By Andrew McGill / Pittsburgh Post-Gazette
Internet scammers are targeting shoppers worried about their credit ratings following December's security breach at Target, state officials say.
In a news release Monday, Pennsylvania Attorney General Kathleen Kane cautioned consumers against "phishing" attacks, which masquerade as a legitimate Target web page or email but instead collect personal information for nefarious purposes.
"A number of scammers have taken advantage of Target customers' misfortune and have set up websites and are sending emails with Target's logos in an attempt to further victimize consumers whose personal information may have been taken from Target," Ms. Kane wrote in a news release. "It is important for Pennsylvania consumers to know that we have their back."
The original breach came in December, when hackers bypassed Target's security and made off with the credit card information of more than 40 million shoppers. The retailer quickly apologized and offered free memberships to an identity theft prevention service, saying only Christmas shoppers were risk.
But last week, the company announced more customers could have been compromised, with staff realizing the hackers had also made off with a bevy of personal contact information for about 70 million people.
"I know that it is frustrating for our guests to learn that this information was taken, and we are truly sorry they are having to endure this," Target CEO Gregg Steinhafel said Friday in a prepared statement.
These latest scams are the work of opportunists looking to profit from the fear and confusion of frightened customers, Ms. Kane said. Phishers typically pretend to be a familiar company, sending emails with a popular bank's logo or setting up a site similar to a legitimate retailer's.
From there, they'll ask for sensitive and private information, including passwords and bank account numbers. Some have become so brazen as to post a fake customer service number, where a live scam artist will talk you out of your money.
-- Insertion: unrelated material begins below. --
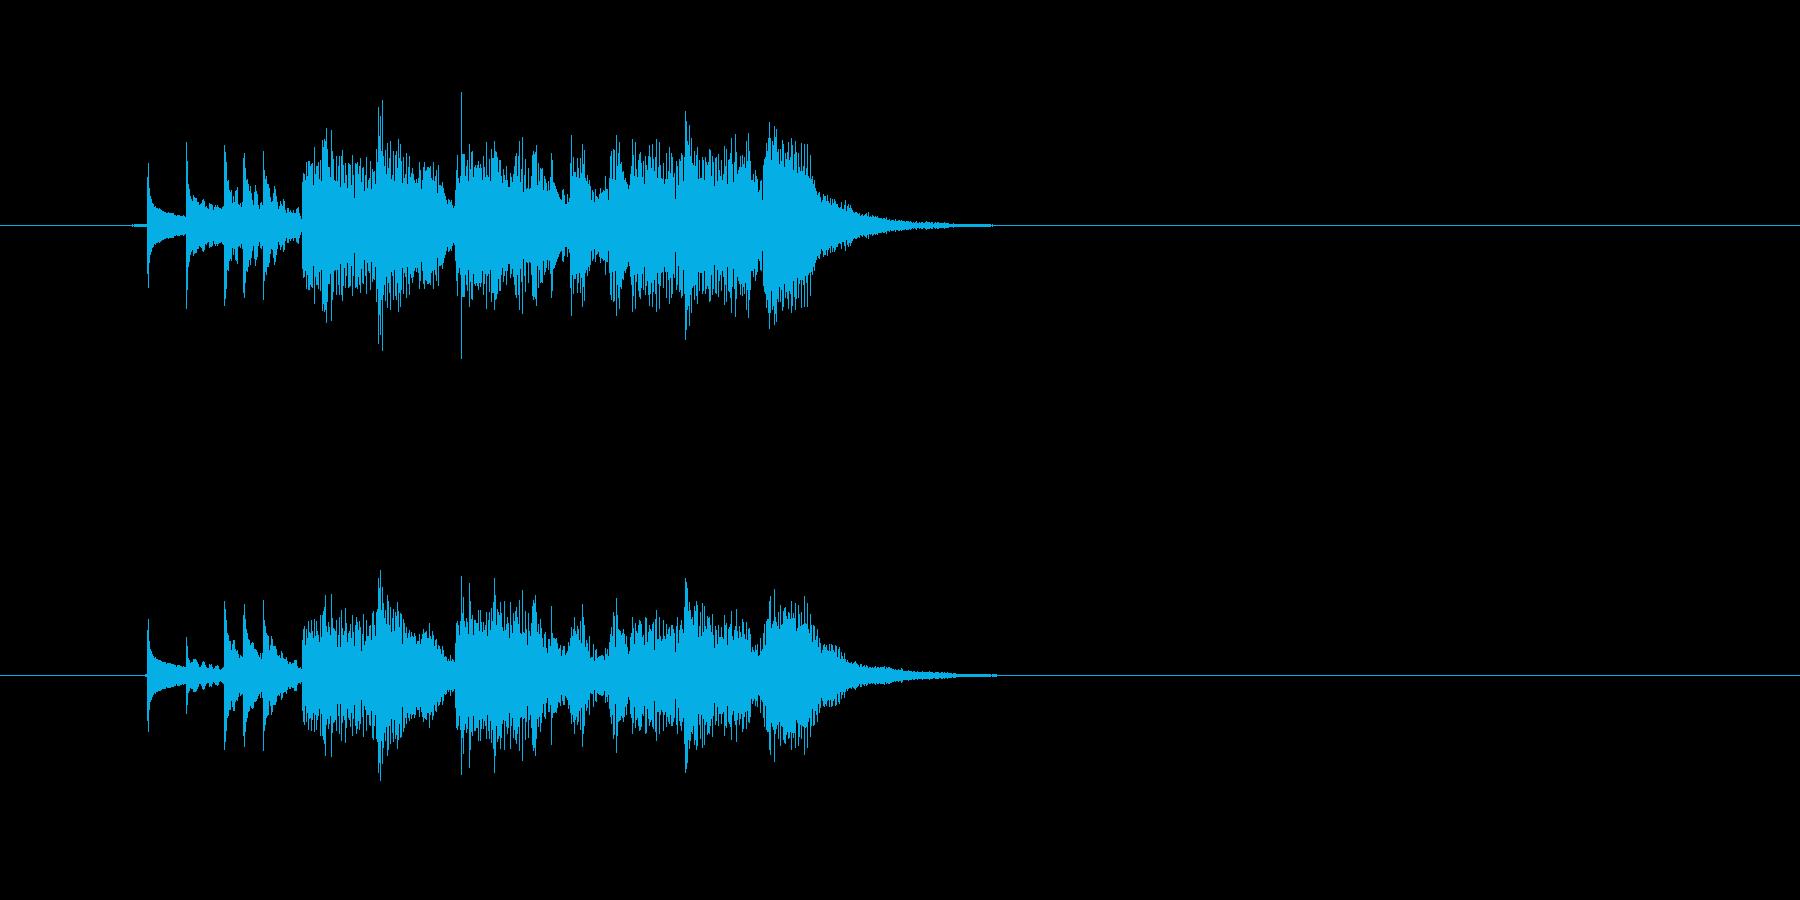 シンセサイザー 爽やか スタイリッシュの再生済みの波形
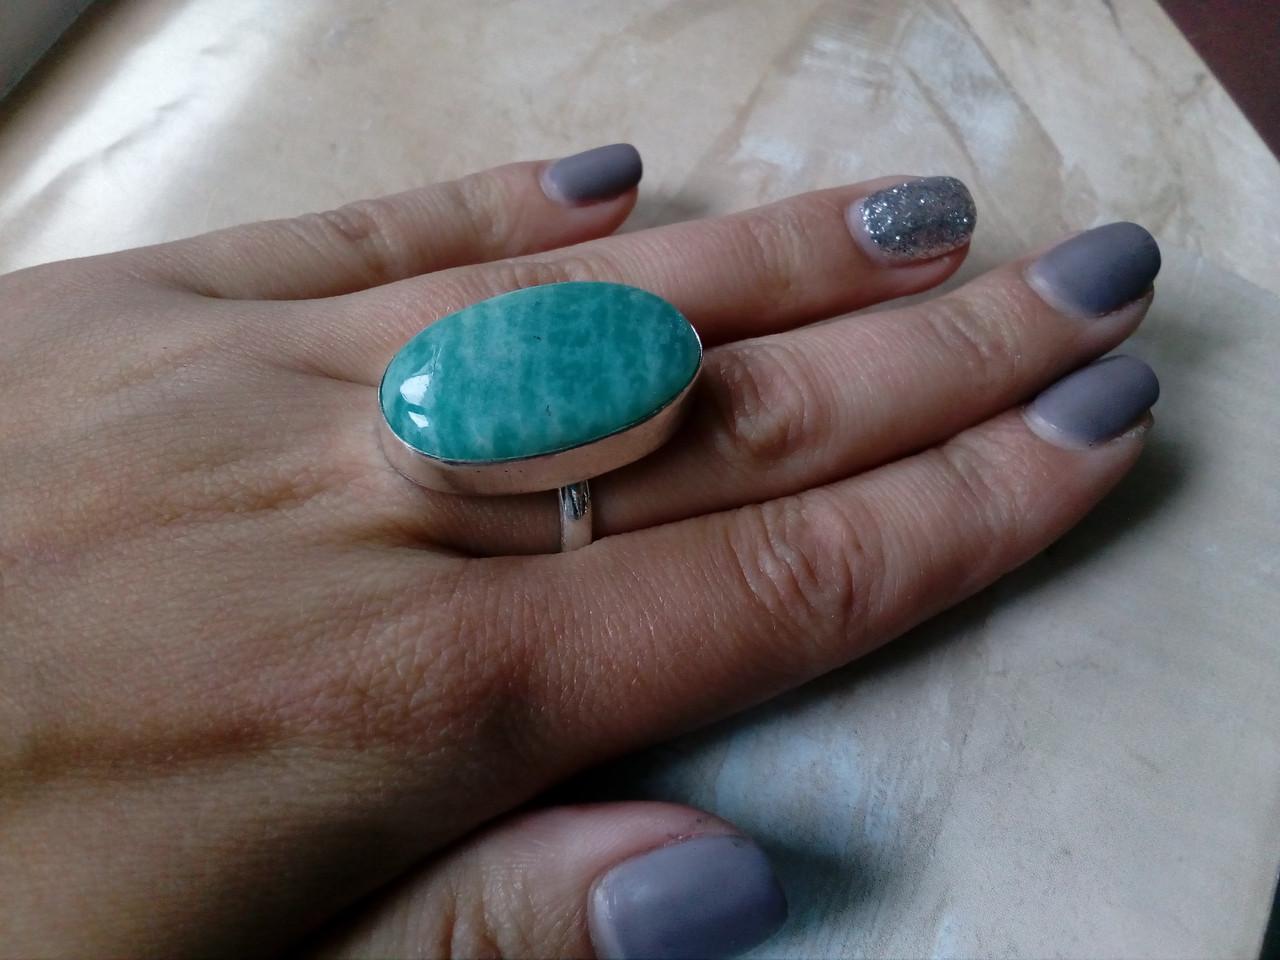 Амазонит овальное кольцо с амазонитом в серебре. Природный амазонит 18,75-19 размер Индия

To avoid phishers, Ms. Kane advised residents who think their credit card information could have been compromised to seek help only from Target or her office. Anyone with concerns is welcome to call the attorney general's consumer protection hotline at 1-800-441-2555. Target customers interested in a free year of credit monitoring should visit creditmonitoring.target.com before April 23.
Write those numbers down and save them: Security experts say repercussions from the Target breach could take months to fully develop. Joe Ferrara, CEO of Oakland-based cybersecurity firm Wombat Security Technologies, said phishers will use any personal information they have on hand to convince computer users they're legitimate.
Indeed, if the stolen Target data includes phone numbers, Pittsburghers can even expect scam phone calls.
"At the end of the day, it's about tricking someone to give up information," Mr. Ferrara said. "You have to be really prepared to look at things from a different vantage point to make sure you're not just accepting what the person said on the email."